Machine learning in tennis (U.S. Open Men’s Singles 2019 Predictions: Who Will Win The Grand Slam?

Manja Bogicevic
Kagera
Published in
4 min readAug 31, 2019

The US Open has begun, and the entire world is watching. Fans of tennis are excited to watch Federer, Djokovic, and Nadal compete on the court. Fans of betting and machine learning are excited to see how machine learning predictive models work, fed by ATP and WTA matches over nine seasons and factoring in surface and more. There is a real possibility to predict the winner for the upcoming US Open championship.
For Novak Djokovic, this is the possibility to overrule Federer. We are all wondering If he is going to succeed in that, but I don’t believe in miracles just in hard work and data. As you all already know that.

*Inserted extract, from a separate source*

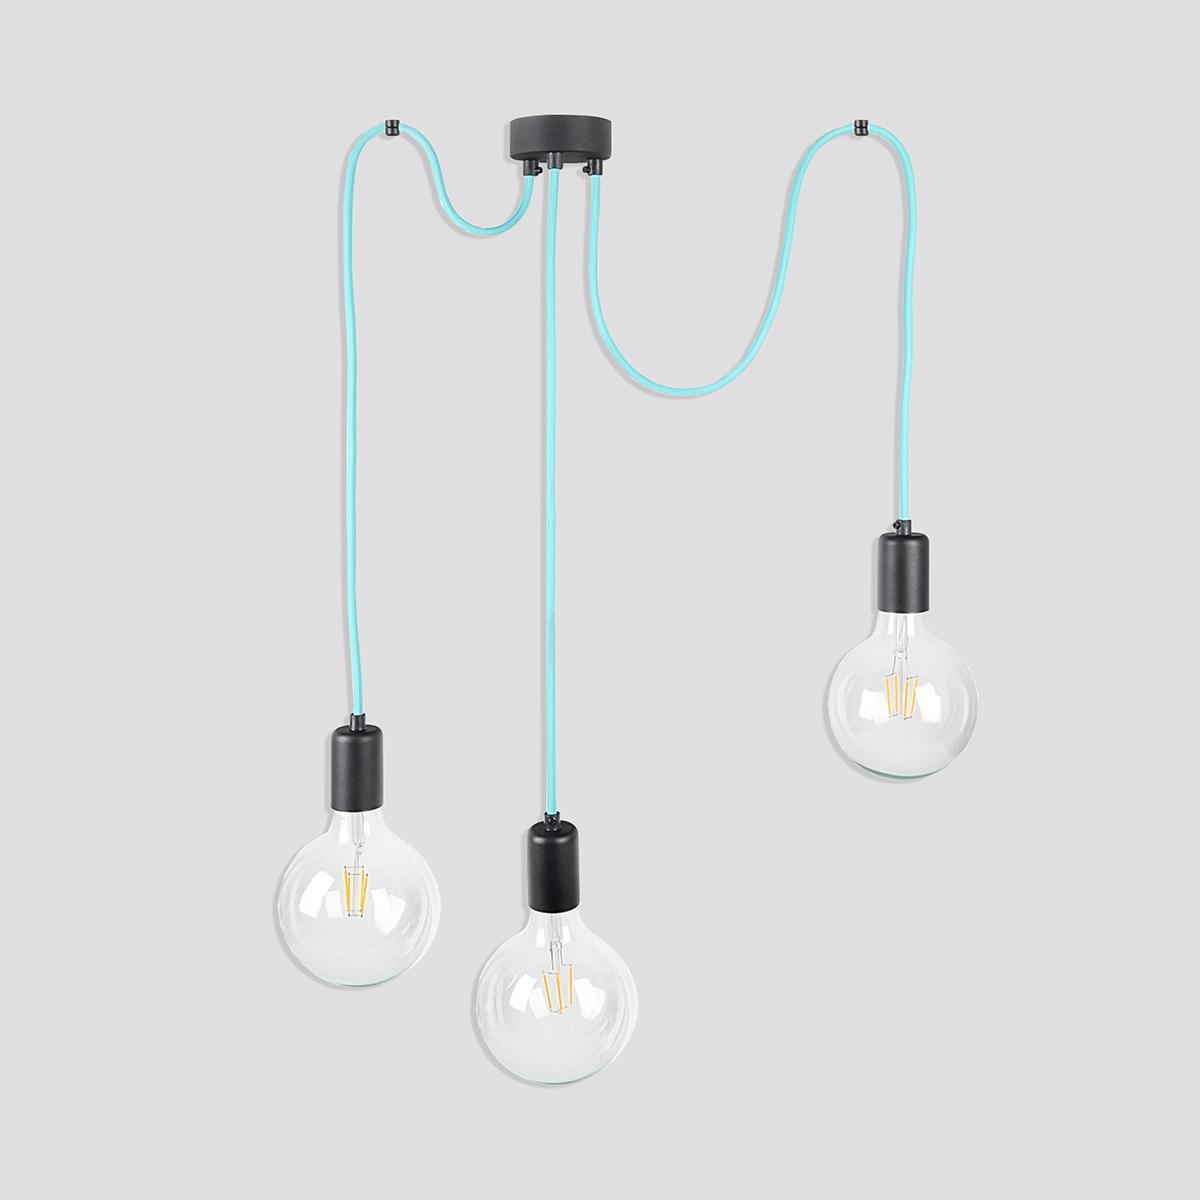 Zdjęcie produktu LAMPA PAJĄK CABLE THREE

Last year I played with football data and predicted the World Cup Winner, now I am playing with tennis data. For all of you who don’t know about my sports career, I played professional tennis a decade ago. So in this blog, I am combining my two biggest loves: tennis and machine learning (come on :) )

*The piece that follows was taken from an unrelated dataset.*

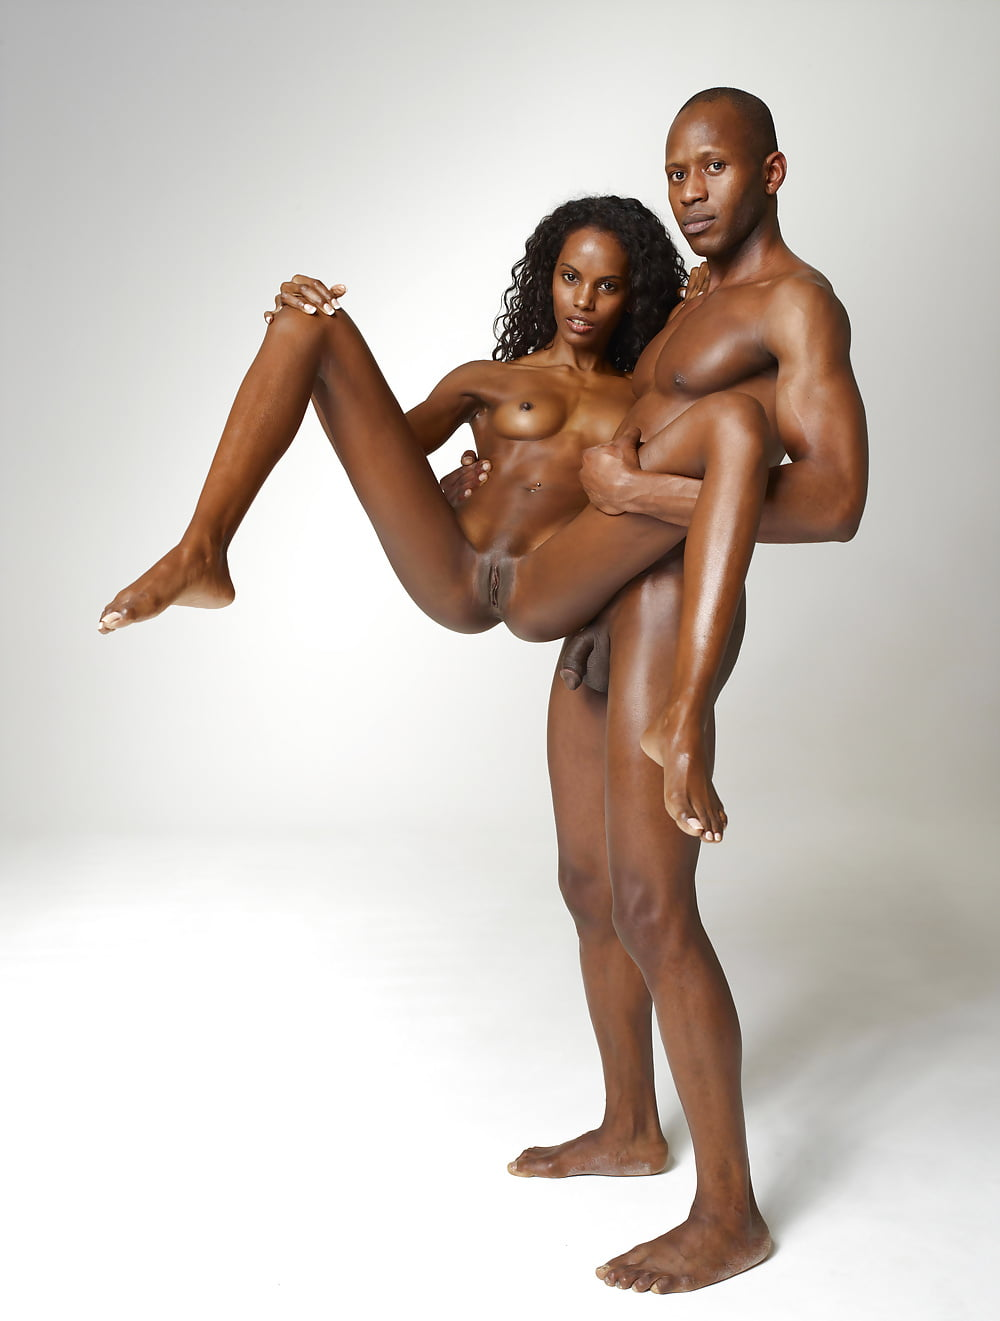 Nakd black people haviing sex

How actually prediction works and world best examples

As a result of combining data that predict match outcomes and contains post-match statistics (number of unforced errors, breakpoints won, double faults ), “Andre Coran and his team have built a data source that contains information on 46,114 matches. To build the most accurate model, Andre gathered a wealth of match information from the past two decades. Also, Andre tested several machine learning algorithms before he was satisfied with his results. Andre felt it was necessary to give a variety of Machine Learning schools of thought a chance and landed on Bayesian Machine Learning, the same specific machine learning. The bottom line is that the most successful algorithm has fast scalability without expending too much computer processing power, which made Bayes’ approach the obvious winner due to its ability to handle a rapidly ever changing data set. Like the stock market. Yes, you can say tennis is like a stock market. “

Most common questions in our company Kageera we ask ourself, “how can we tune this hyperparameter?” and “How accurate is the model?” First, a hyperparameter is essentially an input that the machine uses to learn and develop predictive trends from the data. Tuning these inputs should involve experimenting with a few different values, analyzing the results, and repeating this process. The answer to the second question, an algorithm is going to run using different subsets of input data, and the results are going to be compared to a tested set of data where the machine learning model was not trained at all. Herer the Machine learning model being trained is being compared to an uneducated machine to gain further knowledge regarding its ability to learn and generalize patterns.
When we talk about the random forest, the most significant pros are that it is speedy to train model and we have accurately fitted betting curve that predicts who wins. However, on the other side, cross-validation results in only 69% accuracy.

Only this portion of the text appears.